Cette combinaison, fruit de profondes réflexions, embarrassait beaucoup l’autorité ; sous peine de renverser l’ordre établi par elle et de rapporter ses propres décrets, elle était bien forcée d’accepter les rançons qu’elle avait fixées, et de subir mes infractions. La mère Saint-Raphaël disait « que je me déguisais en ange pour mieux faire le diable… »

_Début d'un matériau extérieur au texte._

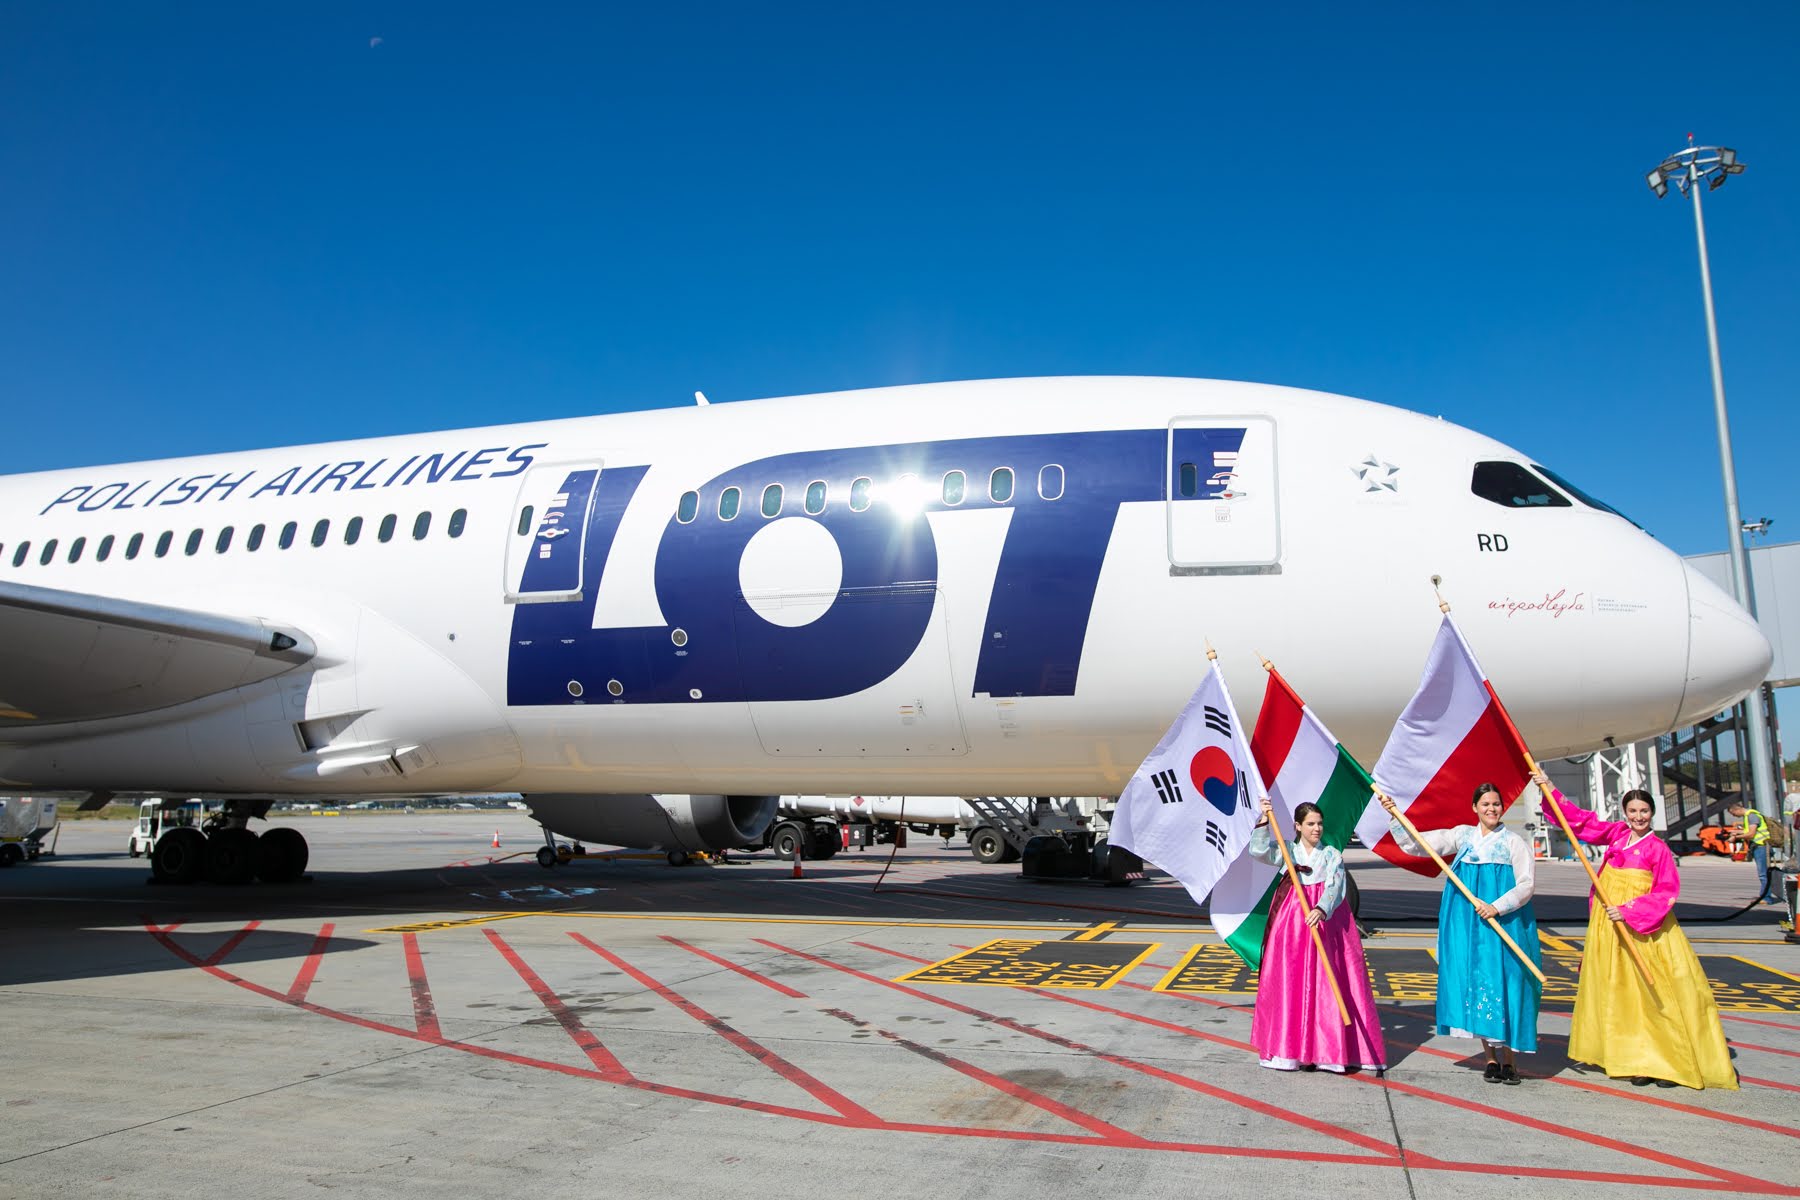 Travel PR News  Budapest Airport welcomed inaugural LOT Polish Airlines  service to Seoul

Je tenais beaucoup, surtout, à quitter la classe sans permission, car cela me paraissait très humiliant de demander toujours à être autorisée, pour les actes les plus insignifiants. Pendant les quarts d’heure de repos, où l’on était à peu près libre dans la classe, je m’échappais, entrainant Catherine, quand elle avait assez de courage et était munie de bons points. Nous allions rôder dans les couloirs, à la buanderie, à la cuisine, dans le jardin des religieuses, et en tous lieux où il était défendu d’aller. Quelquefois nous montions, posément, l’escalier bien ciré qui conduisait aux appartements de la supérieure et des dames assistantes, et nous frappions à la porte de la vieille mère Sainte-Trinité, dont l’enfance sénile se réjouissait toujours de la nôtre, et nous comblait de verres de cassis et de croquignoles.